Mp.no. 694/81 9 ^ -41-

whereby the transistor 19 locks safely. For the vertical MOS transistor 19 types are to be selected whose permissible drain-source voltage is definitely above the voltage peaks occurring in the load circuit.

Claims (1)

«Φ Mp ₈ no. 69'4 / 81. Expectations (Iy method for igniting at least one of at least one contact point of an AC switching device that draws a switching arc during a switching operation to extinguish the switching arc , thereby geken n draws t that the connection of the control current to the at least one controllable semiconductor valve for its ignition is controlled by a measurement signal generated by the current flow across the contact point. 2. Circuit arrangement for performing the method according to claim 1, wherein the at least one controllable semiconductor valve is connected in parallel to the contact point, characterized in that in series the contact point a measuring device (5) switched 3Q is, the measurement signal of a switching device (7) can be fed to the switches through the control current to the at least one controllable semiconductor valve ⁽¹ O. 3 ο circuit arrangement according to claim 2, characterized characterized in that an external voltage source (6) is provided which generates the control current.
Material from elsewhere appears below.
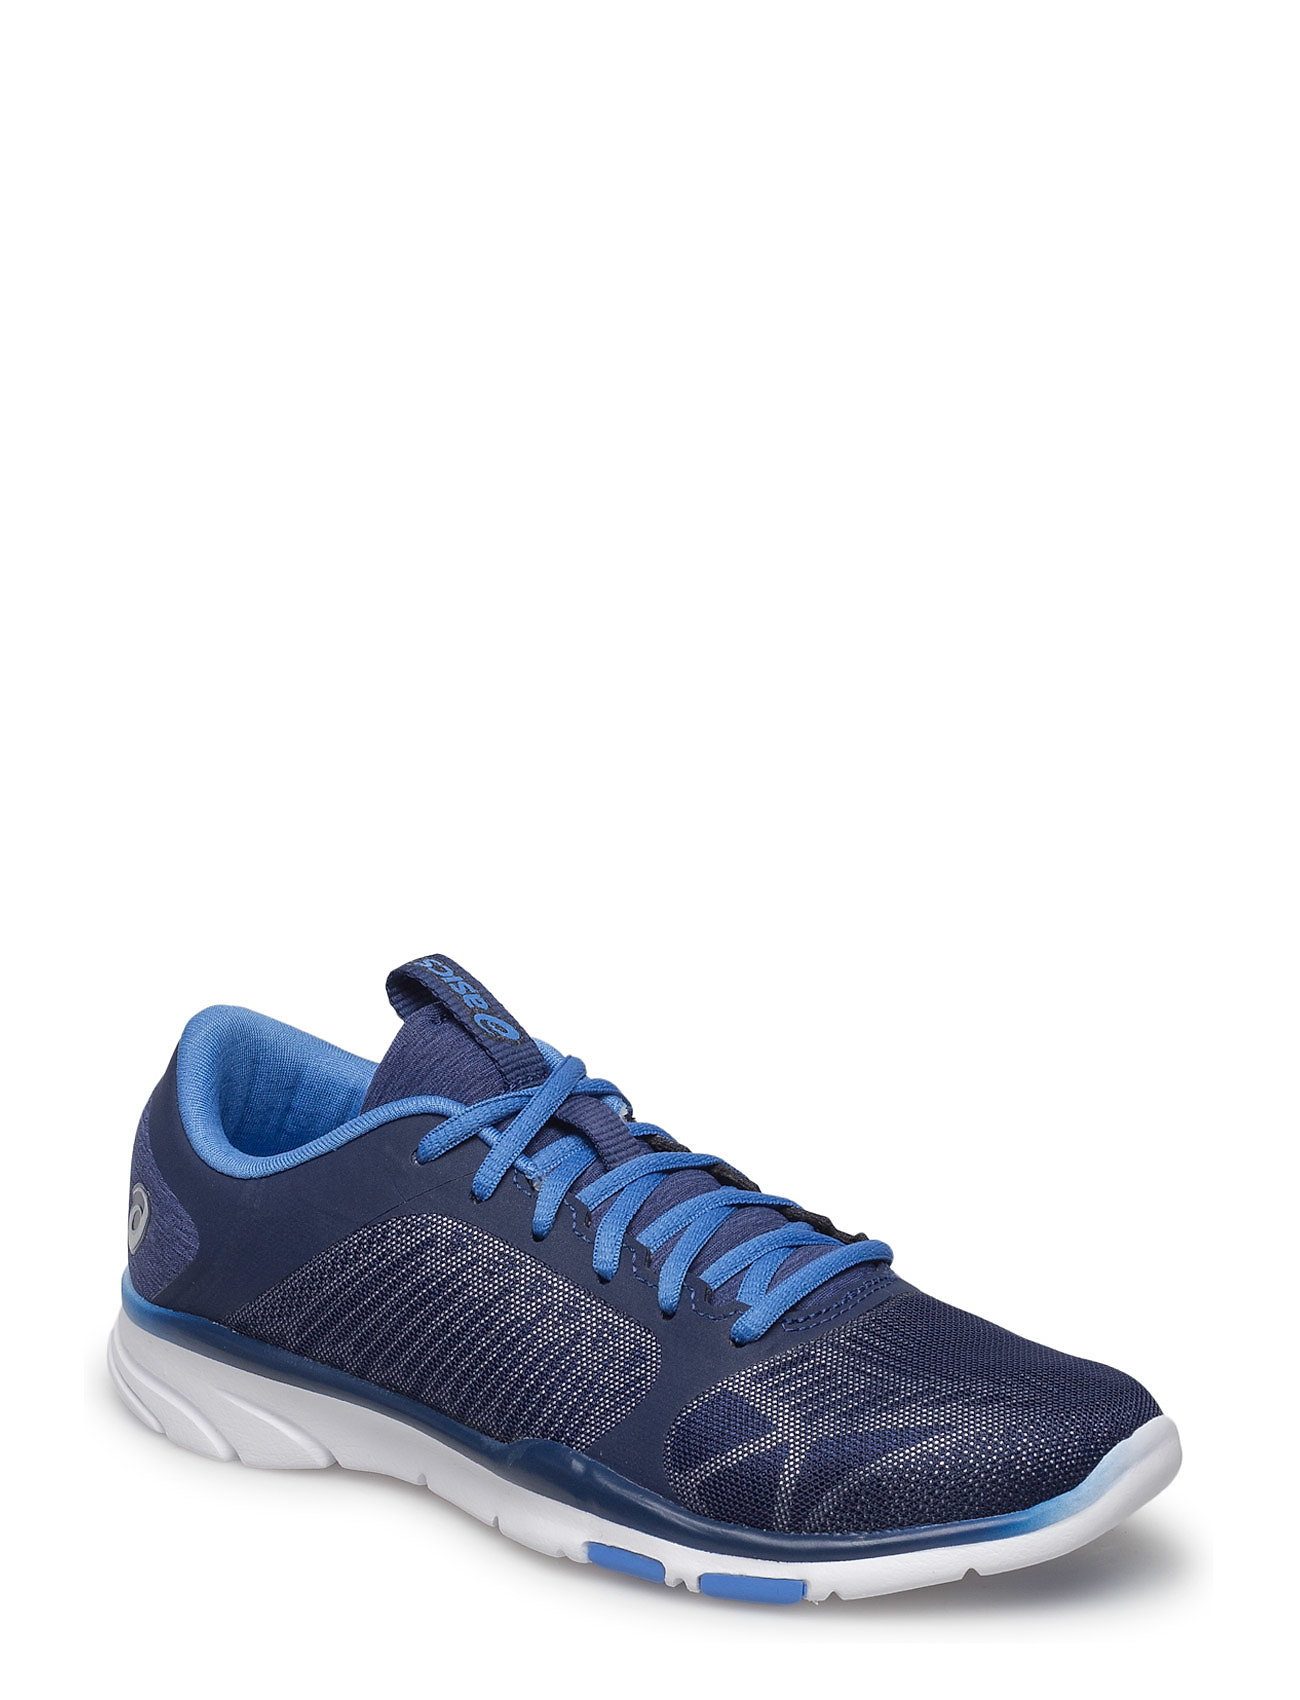 Gel-Fit Tempo 3 Asics Sports sko til Damer i

H. Circuit arrangement according to claim 2, characterized · · - 3Η9029 Mp.no. 694/81 characterized in that as a voltage source for generating the control current or the control voltage for the at least one semiconductor valve for the voltage drop of the switching arc drawn at the contact point (3) is used. 5. Circuit arrangement according to one of the preceding claims, characterized in that as a switching device a vertical MOS field effect transistor (19) is provided is. 6. Circuit arrangement according to one of the preceding claims, characterized in that the switching device (7) also has further, external, the connection of the Control current causing switching pulses can be supplied.